Remember your why, reflect, keep what’s good, fix what didn’t work and do even better next year.  The struggle is real but the rewards are worth it.  Running, walking, and sometimes crawling.

Thursday, March 15, 2018

Quick Thought For The Ides Of March

So we start spring break next week, and today and tomorrow (we are on a block schedule) I'm having my CS Essentials classes look at the function/procedure event that handles the placing the wavefront numbers into the 2D array. They are looking at it ON PAPER. I am asking them to comment lines and mark it up in whatever way their brains are seeing this, so I can try and get a bead on how they might be thinking about code. This is something I think I need to work into my classes more - reading code and trying to make sense of it away from the computer. I think too many of my students just go through trial and error instead of going into deep thought about the algorithms in the code itself.

Wednesday, March 14, 2018

Teaching CS IS Hard

Well we have hit the wavefront algorithm assignment in my curriculum, which ultimately will be used to navigate our little VEX self driving vehicles. And for probably 90% of my students in CS Essentials, welcome to what my PLTW CS colleagues on the PLTW forums have termed "code shock" with students.

I think one of the hardest things to manage in designing a curriculum is how to dial the difficulty up at a proper pace for the "center mass" of the class skill level. And in this new curriculum from PLTW this particular unit starts out manageable, but suddenly shoots up rapidly, thus the "code shock" mentioned above. I also have the challenge of having a lot of kids in class who simply don't want to interact in class when, for instance, I'm working through pseudocode on the board.

The good thing for me is it has really illustrated how much more I need to emphasize getting the students off the computers, and crunching out the problem in flow charts or pseudocode. Many of them just want to do everything while in the code editor, and I keep telling them (and trying to show them as well) to solve the problem first, THEN translate your solution into code, and then get into the debugging process.

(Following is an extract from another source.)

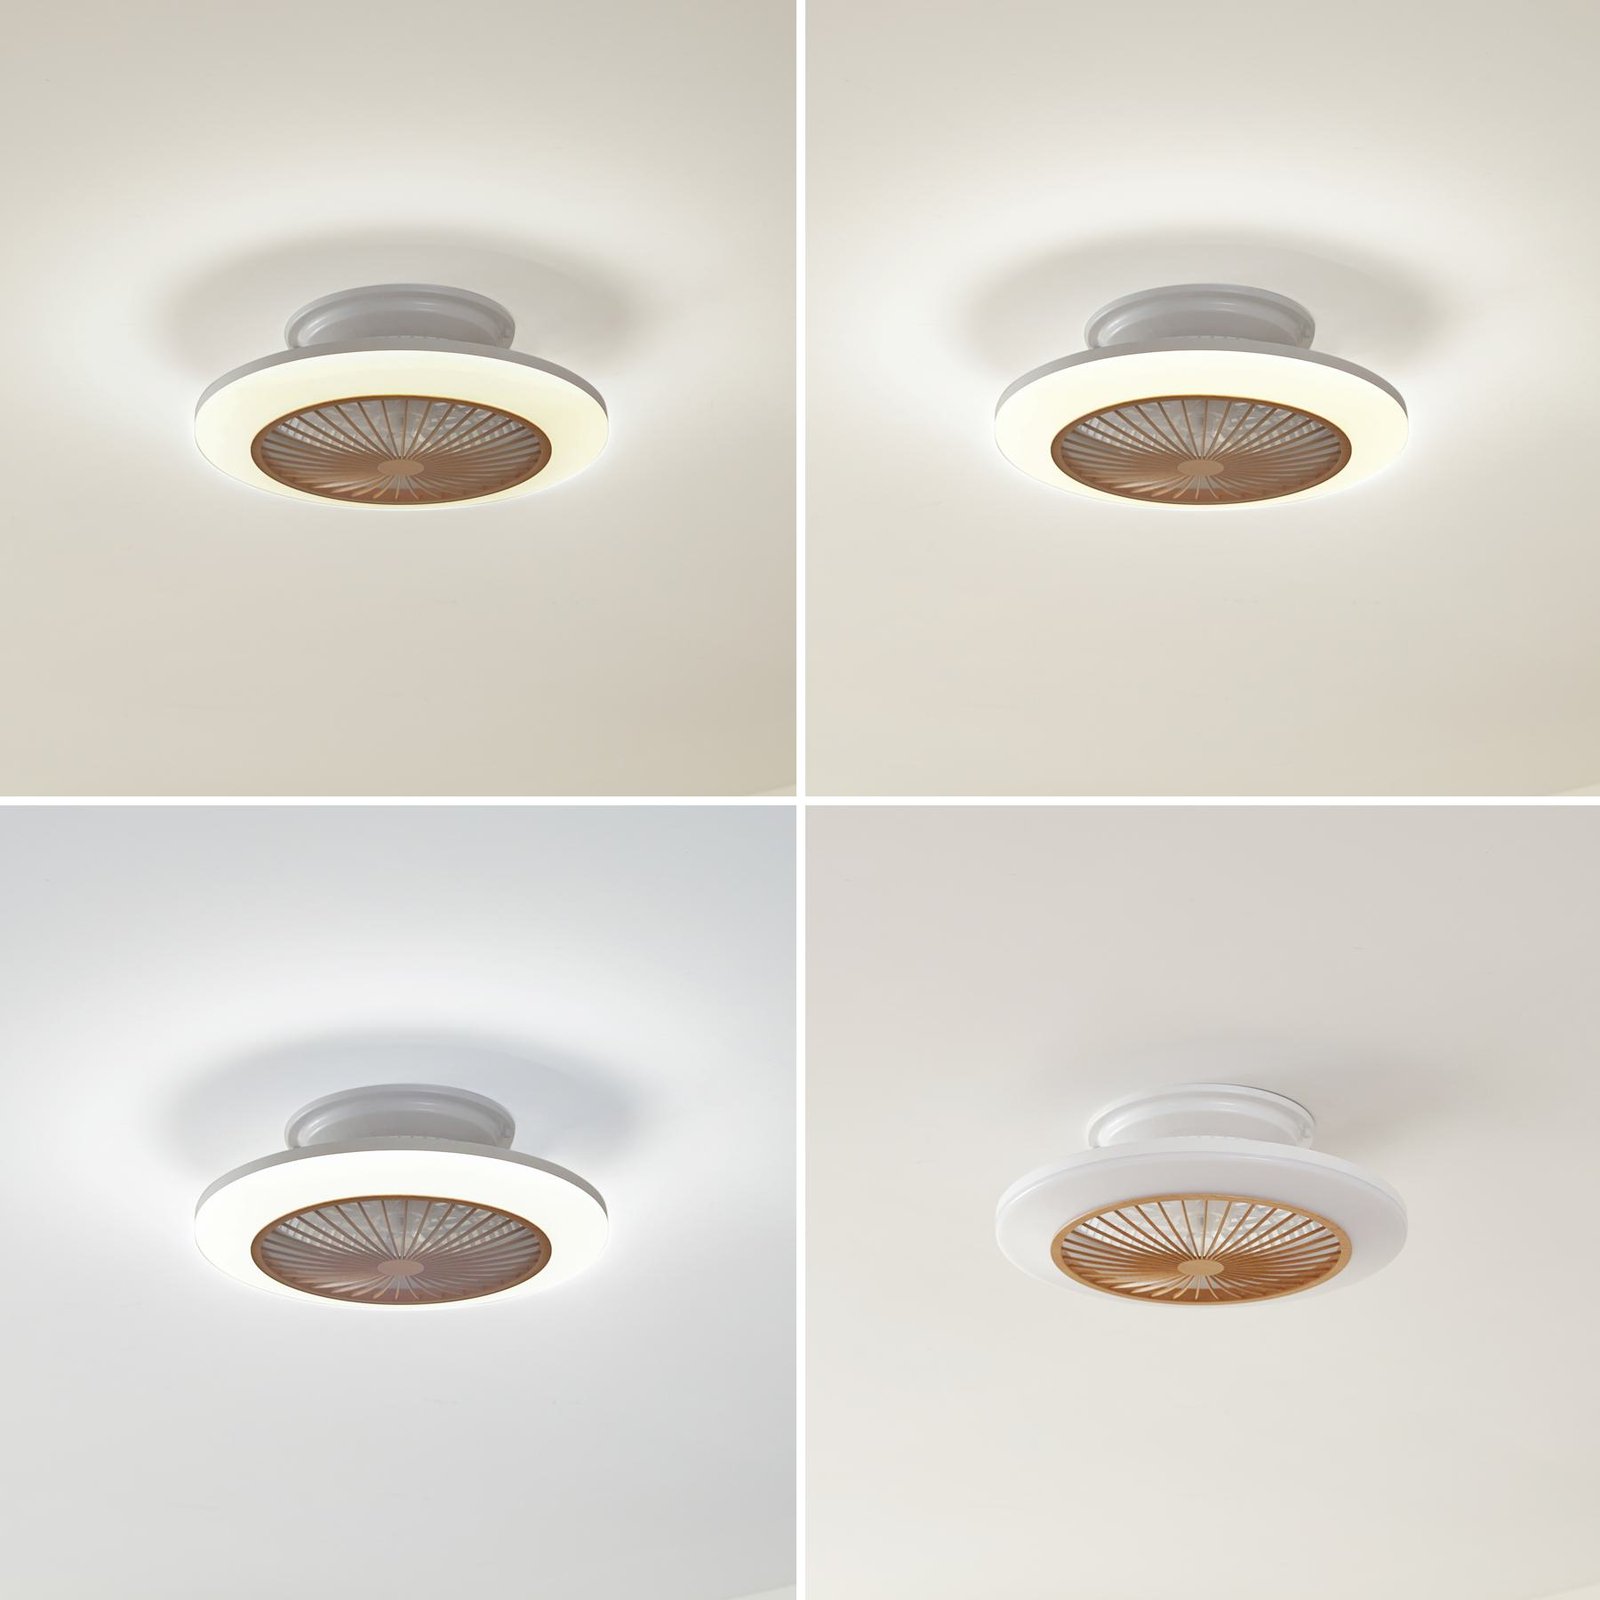 Lindby LED-loftventilator Mamuti, træfarvet, støjsvag, 55 cm

For my audience of few to several out there, I welcome any insight or input you might have!

Tuesday, February 6, 2018

Good Grief Have I Been This Busy?

Wow, it has been four months since my last post! I guess things got busier than I thought. In addition to the normal grind of teaching here is what has been filling my time:
  • Finishing up the leading of a PLTW online training in their new CS Essentials curriculum
  • The holidays (fa la la la la)
  • The flu over break (blarf)
  • Starting up a new semester at school
  • Trying to get the CSTA Kansas chapter reboot up and running
I have been dutifully reading my favorite bloggers in CS education, and it is good to know that to one degree or another, it seems we contend with many of the same issues. For me, I have been wrestling with whether or not the PLTW CSP curriculum is the right fit for my students. We are a NMSI (National Math and Science Initiative) school, and with the grant that comes with that is a lot of training and support, which is great! In addition to me getting to go and work with colleagues three times a year, they send a person to my school on three Saturdays to help my AP students prepare for the AP exams and performance tasks. All great for their learning as well as mine.

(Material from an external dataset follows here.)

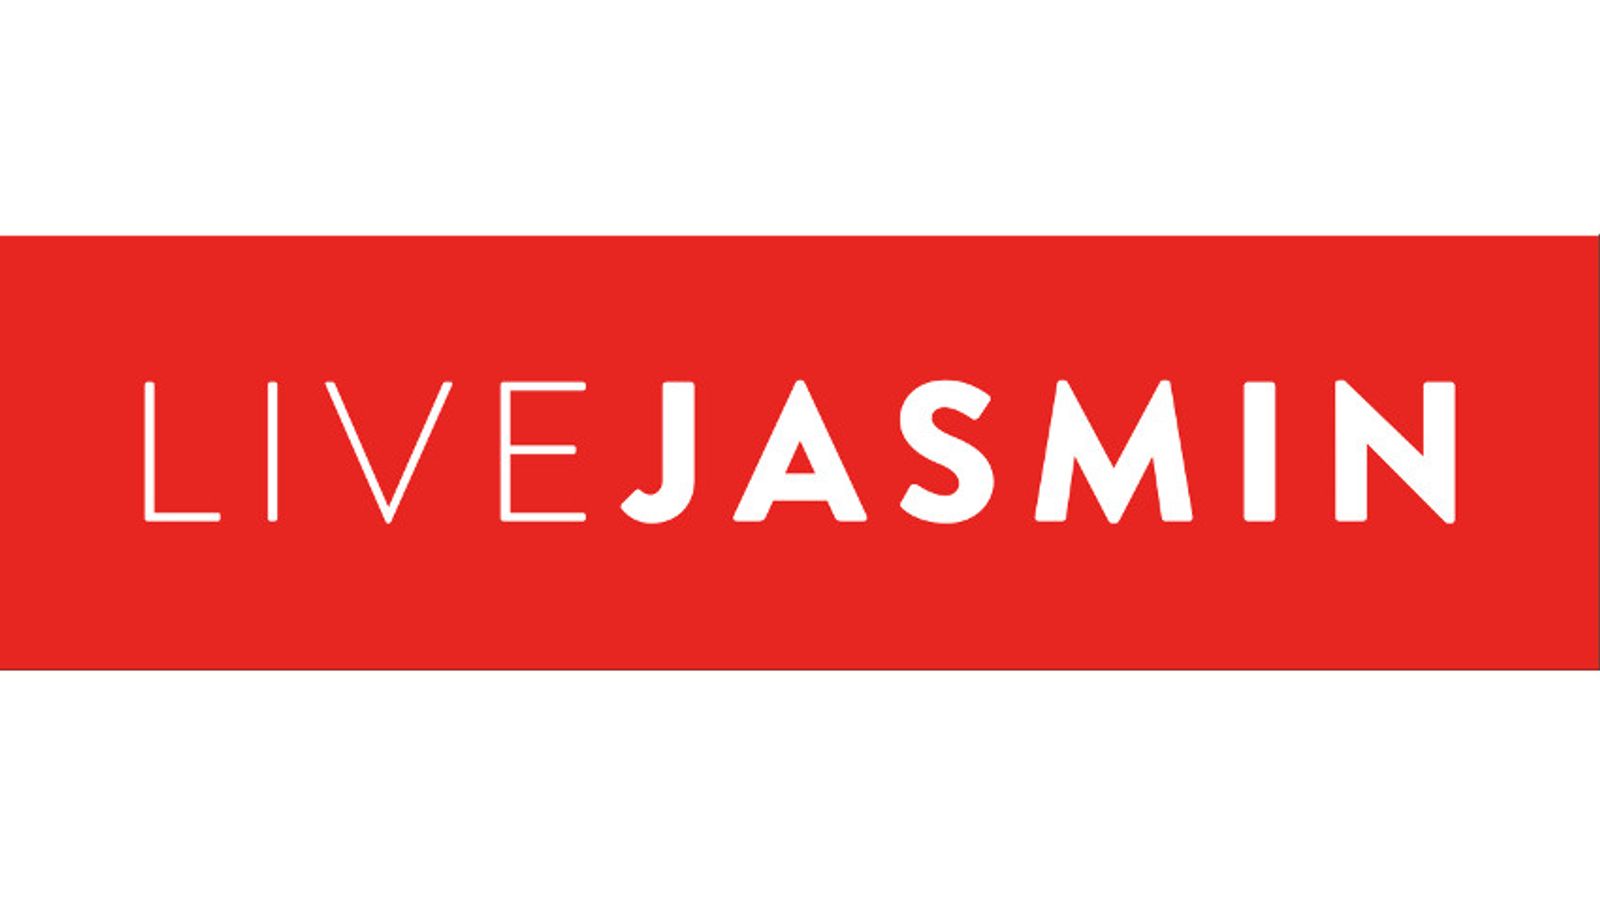 LiveJasmin Starts 2018 With Multiple Awards

What is becoming more clear to me, though, is the fact that the PLTW CSP curriculum, while quite good in and of itself, isn't really tailored towards the AP stuff as much as others. Yes, I know there are strong negative sentiments out there about the AP, but the reality for me is the fact that my school is highly committed to AP classes that fall under the NMSI flag, and considering the grant is well into six figures I understand why.

The guy who comes in here for the Saturday Study Sessions uses the code.org curriculum, and has used some of their materials for these sessions. I do use certain elements from the code.org CSP curriculum to fill the gaps I perceive in the PLTW CSP materials, and I do pull a few activities from other sources as well. What I am trying to figure out is whether or not using the code.org CSP as my primary curriculum would better prepare my students for our school's intended target, success on the AP. I would probably supplement the code.org version with programming in things outside of their JavaScript in Code Editor, most likely in Python and App Inventor, since those are the two things with which I have the most familiarity.

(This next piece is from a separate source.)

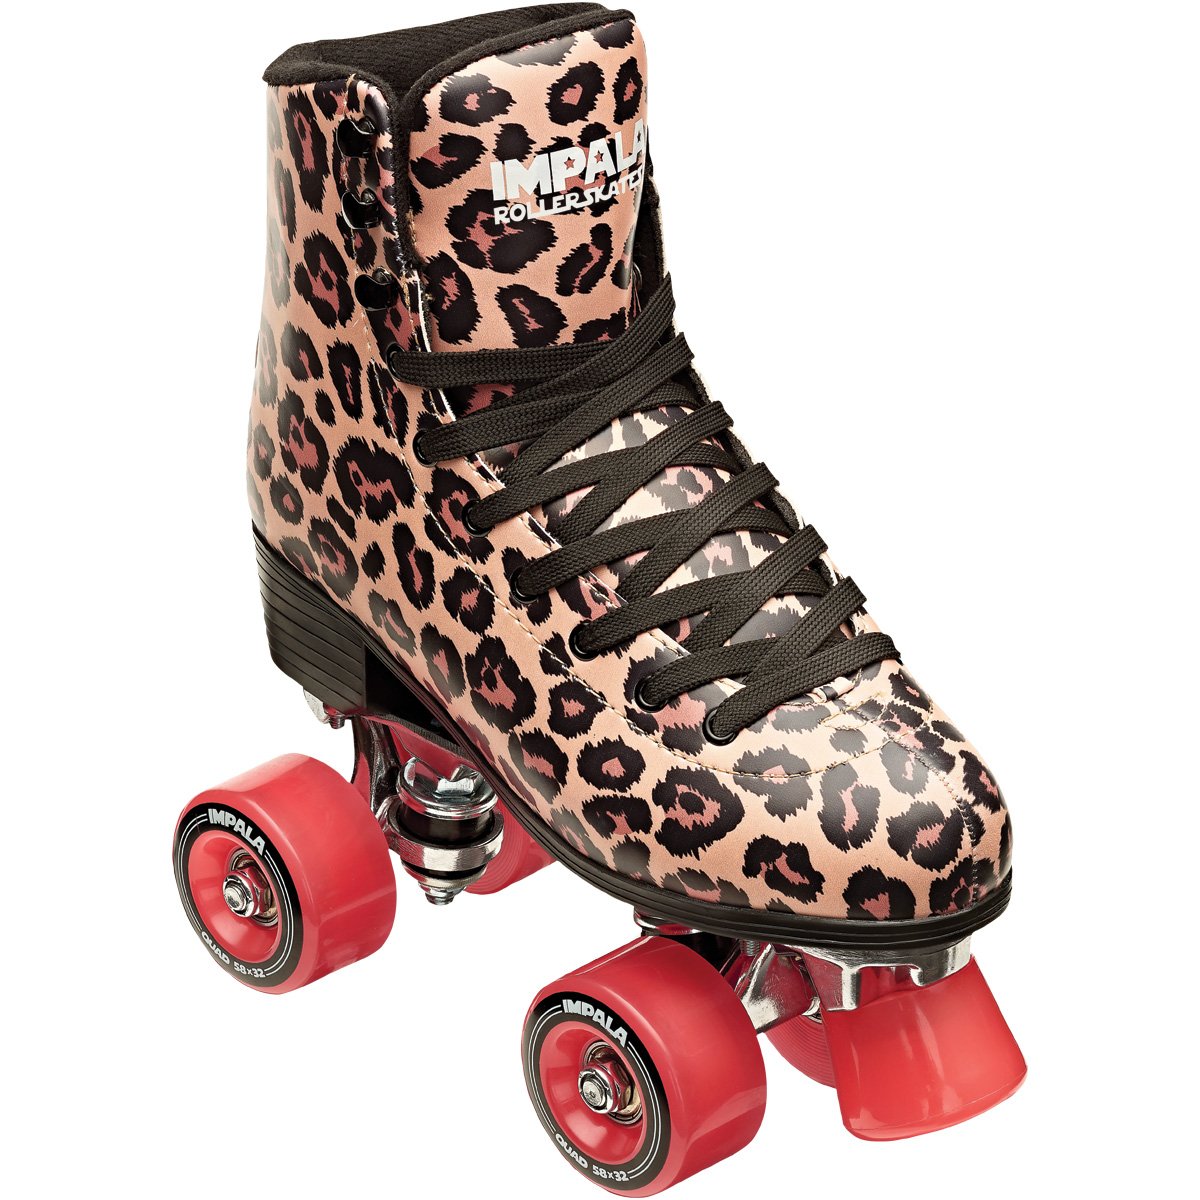 IMPALA ROLLER SKATES - Quad Skate, Leopard

And of course, in addition to trying to build my programming skills in general, there is the never ending quest for best ways to teach CS. I'm looking forward to hopefully building up a stronger network of the CS teachers here in Kansas so that we can share and chat and work towards common goals in Kansas, and of course look very forward to going to CSTA in Omaha this summer.

Feels good to be back blogging again!

Friday, October 6, 2017

The Beginner's Garden Of Concepts

So I'm going to throw this out there to my colleagues with more miles down this road than I have. I'm wanting to craft up a "language agnostic" list of core concepts and key terms for computer science, mainly because I want to develop some kind of "mastery" checklist or scale scoring, reminiscent of what the typical kindergarten progress report looks like. You know, the ones that have a list of things like "can tie own shoes", "counts 1 to 10", and so on. I know this kind of list would look different and be more lengthy as a student progresses beyond beginner level, but I'm aiming for what the foundation should be, regardless of programming language or platform.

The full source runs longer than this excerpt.